● GIVEN INFORMATION
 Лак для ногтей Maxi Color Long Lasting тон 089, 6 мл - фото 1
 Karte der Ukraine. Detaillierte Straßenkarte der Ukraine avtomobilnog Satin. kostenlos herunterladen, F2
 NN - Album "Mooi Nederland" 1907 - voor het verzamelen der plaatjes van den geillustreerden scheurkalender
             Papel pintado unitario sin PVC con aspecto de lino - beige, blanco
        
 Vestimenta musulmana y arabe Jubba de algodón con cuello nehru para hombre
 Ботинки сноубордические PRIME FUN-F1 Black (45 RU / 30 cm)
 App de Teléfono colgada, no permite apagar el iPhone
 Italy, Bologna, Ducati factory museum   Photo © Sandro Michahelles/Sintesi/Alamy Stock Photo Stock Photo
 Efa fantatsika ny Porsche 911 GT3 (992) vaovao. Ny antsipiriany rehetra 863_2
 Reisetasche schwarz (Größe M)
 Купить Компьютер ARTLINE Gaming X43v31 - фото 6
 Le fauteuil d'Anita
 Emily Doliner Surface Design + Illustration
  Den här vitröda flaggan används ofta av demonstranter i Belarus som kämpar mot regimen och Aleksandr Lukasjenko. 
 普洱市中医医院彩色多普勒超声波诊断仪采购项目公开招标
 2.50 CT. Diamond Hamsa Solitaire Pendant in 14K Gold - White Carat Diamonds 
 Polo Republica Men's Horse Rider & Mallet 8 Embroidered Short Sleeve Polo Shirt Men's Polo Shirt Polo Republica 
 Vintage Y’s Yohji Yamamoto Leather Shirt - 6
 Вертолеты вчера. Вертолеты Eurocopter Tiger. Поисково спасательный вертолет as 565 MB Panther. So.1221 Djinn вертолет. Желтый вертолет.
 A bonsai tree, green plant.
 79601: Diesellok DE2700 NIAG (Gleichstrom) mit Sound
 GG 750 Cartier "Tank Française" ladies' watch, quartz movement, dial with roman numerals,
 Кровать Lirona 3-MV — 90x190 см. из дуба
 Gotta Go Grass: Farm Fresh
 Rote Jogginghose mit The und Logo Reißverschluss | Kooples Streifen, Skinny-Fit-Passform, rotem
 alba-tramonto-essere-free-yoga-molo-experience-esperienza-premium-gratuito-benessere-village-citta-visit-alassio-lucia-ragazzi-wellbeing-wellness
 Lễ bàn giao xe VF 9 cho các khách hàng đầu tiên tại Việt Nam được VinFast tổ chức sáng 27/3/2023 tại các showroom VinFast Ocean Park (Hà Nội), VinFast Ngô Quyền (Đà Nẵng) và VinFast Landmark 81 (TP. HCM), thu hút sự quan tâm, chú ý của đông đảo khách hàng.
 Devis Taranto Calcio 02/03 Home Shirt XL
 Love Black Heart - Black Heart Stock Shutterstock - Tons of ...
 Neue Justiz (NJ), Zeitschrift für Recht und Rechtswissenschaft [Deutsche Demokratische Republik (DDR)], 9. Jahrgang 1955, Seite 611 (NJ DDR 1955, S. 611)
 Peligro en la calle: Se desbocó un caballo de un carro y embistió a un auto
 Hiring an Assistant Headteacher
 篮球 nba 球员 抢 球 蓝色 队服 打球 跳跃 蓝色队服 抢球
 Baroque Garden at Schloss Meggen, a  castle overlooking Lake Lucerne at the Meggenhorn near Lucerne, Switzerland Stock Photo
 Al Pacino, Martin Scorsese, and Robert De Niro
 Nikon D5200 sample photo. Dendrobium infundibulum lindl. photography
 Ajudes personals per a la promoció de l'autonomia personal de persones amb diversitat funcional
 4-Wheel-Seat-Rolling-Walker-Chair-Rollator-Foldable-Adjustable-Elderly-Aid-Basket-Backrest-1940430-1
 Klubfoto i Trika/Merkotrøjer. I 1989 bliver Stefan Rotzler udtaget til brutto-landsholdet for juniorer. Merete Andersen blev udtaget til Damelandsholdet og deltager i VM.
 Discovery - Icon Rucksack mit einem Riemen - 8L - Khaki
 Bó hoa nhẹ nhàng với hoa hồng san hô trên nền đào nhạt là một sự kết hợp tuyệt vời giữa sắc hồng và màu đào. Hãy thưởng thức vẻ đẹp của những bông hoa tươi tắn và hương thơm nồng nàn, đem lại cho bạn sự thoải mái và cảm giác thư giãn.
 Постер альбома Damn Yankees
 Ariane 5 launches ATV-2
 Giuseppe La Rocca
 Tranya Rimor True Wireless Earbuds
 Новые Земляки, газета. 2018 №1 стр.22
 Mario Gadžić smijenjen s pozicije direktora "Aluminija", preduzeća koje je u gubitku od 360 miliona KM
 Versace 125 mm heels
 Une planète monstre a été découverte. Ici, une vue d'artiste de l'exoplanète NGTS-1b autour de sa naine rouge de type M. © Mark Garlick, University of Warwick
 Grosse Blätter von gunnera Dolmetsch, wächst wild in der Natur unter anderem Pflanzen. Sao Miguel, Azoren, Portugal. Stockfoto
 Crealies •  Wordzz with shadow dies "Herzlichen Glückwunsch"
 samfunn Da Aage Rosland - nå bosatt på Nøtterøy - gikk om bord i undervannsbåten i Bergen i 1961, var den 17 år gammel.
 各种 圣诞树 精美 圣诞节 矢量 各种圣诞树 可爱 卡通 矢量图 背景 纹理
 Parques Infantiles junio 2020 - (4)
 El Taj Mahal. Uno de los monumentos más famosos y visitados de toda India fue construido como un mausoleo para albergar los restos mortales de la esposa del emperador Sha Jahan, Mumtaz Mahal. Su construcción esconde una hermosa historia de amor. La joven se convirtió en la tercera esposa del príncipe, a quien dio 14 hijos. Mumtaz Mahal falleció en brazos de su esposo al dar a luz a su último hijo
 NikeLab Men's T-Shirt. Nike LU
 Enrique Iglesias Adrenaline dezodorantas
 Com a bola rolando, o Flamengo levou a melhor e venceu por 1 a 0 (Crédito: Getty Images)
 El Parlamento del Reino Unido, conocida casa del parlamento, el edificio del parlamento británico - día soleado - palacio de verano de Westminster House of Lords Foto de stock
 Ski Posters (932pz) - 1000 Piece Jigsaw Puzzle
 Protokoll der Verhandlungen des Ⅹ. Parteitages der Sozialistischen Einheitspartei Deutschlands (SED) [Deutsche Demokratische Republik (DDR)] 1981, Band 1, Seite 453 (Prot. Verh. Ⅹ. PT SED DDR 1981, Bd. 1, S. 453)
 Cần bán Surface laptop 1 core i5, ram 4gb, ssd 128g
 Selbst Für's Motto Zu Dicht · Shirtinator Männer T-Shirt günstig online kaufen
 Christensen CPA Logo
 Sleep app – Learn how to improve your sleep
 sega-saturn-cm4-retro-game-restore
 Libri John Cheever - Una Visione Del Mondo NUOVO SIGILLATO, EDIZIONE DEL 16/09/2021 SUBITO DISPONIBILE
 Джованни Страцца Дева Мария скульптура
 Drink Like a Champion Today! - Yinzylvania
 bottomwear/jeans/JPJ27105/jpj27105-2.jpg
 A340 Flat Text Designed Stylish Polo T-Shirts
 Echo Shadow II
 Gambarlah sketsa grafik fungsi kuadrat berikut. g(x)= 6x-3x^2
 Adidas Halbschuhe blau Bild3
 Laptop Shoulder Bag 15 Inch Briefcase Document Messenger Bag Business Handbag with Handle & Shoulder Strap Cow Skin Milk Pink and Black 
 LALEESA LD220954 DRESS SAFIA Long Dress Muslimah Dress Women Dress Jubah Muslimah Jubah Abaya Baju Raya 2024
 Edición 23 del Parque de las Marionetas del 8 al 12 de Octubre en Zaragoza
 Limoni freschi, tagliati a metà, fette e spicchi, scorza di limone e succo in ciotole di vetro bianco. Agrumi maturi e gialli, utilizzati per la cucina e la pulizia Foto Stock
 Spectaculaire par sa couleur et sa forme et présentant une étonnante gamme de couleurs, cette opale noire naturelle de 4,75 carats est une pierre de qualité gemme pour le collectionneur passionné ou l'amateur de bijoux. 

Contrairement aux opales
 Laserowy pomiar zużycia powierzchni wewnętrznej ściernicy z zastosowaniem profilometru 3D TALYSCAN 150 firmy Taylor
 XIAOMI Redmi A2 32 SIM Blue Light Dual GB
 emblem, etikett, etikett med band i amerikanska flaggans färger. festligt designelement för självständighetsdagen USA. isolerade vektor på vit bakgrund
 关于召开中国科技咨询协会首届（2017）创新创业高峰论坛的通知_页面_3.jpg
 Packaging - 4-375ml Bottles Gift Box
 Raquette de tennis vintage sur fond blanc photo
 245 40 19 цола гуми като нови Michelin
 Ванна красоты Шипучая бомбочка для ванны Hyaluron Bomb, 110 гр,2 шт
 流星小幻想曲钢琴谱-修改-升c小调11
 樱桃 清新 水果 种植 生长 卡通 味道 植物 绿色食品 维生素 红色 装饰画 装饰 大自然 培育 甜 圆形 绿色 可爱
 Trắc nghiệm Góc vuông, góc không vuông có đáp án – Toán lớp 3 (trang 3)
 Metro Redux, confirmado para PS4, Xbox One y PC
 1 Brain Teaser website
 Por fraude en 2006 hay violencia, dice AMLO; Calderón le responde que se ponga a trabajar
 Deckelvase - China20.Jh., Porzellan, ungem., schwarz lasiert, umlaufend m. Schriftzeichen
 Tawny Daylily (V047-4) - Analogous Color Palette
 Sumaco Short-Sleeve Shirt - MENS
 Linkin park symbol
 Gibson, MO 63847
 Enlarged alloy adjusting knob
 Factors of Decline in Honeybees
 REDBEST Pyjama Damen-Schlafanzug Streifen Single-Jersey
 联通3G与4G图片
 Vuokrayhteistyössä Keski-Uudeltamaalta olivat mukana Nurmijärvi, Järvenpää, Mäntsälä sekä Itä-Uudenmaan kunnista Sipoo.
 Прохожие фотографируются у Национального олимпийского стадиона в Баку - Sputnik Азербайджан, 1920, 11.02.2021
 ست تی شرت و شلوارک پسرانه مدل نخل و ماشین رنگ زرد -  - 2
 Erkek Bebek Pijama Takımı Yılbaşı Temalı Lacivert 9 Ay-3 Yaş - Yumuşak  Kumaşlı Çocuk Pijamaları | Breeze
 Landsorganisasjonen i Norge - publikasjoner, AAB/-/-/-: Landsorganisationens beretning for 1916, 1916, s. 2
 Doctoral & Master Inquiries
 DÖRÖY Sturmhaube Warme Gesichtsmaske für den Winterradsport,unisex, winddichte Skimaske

● WHAT IS NEEDED
In the listing above, start at the line with "Giuseppe La Rocca", go on through the line with "Cần bán Surface", and copy each of those lines exactly; leave out all the rest.

● WRITTEN RESPONSE
 Giuseppe La Rocca
 Tranya Rimor True Wireless Earbuds
 Новые Земляки, газета. 2018 №1 стр.22
 Mario Gadžić smijenjen s pozicije direktora "Aluminija", preduzeća koje je u gubitku od 360 miliona KM
 Versace 125 mm heels
 Une planète monstre a été découverte. Ici, une vue d'artiste de l'exoplanète NGTS-1b autour de sa naine rouge de type M. © Mark Garlick, University of Warwick
 Grosse Blätter von gunnera Dolmetsch, wächst wild in der Natur unter anderem Pflanzen. Sao Miguel, Azoren, Portugal. Stockfoto
 Crealies •  Wordzz with shadow dies "Herzlichen Glückwunsch"
 samfunn Da Aage Rosland - nå bosatt på Nøtterøy - gikk om bord i undervannsbåten i Bergen i 1961, var den 17 år gammel.
 各种 圣诞树 精美 圣诞节 矢量 各种圣诞树 可爱 卡通 矢量图 背景 纹理
 Parques Infantiles junio 2020 - (4)
 El Taj Mahal. Uno de los monumentos más famosos y visitados de toda India fue construido como un mausoleo para albergar los restos mortales de la esposa del emperador Sha Jahan, Mumtaz Mahal. Su construcción esconde una hermosa historia de amor. La joven se convirtió en la tercera esposa del príncipe, a quien dio 14 hijos. Mumtaz Mahal falleció en brazos de su esposo al dar a luz a su último hijo
 NikeLab Men's T-Shirt. Nike LU
 Enrique Iglesias Adrenaline dezodorantas
 Com a bola rolando, o Flamengo levou a melhor e venceu por 1 a 0 (Crédito: Getty Images)
 El Parlamento del Reino Unido, conocida casa del parlamento, el edificio del parlamento británico - día soleado - palacio de verano de Westminster House of Lords Foto de stock
 Ski Posters (932pz) - 1000 Piece Jigsaw Puzzle
 Protokoll der Verhandlungen des Ⅹ. Parteitages der Sozialistischen Einheitspartei Deutschlands (SED) [Deutsche Demokratische Republik (DDR)] 1981, Band 1, Seite 453 (Prot. Verh. Ⅹ. PT SED DDR 1981, Bd. 1, S. 453)
 Cần bán Surface laptop 1 core i5, ram 4gb, ssd 128g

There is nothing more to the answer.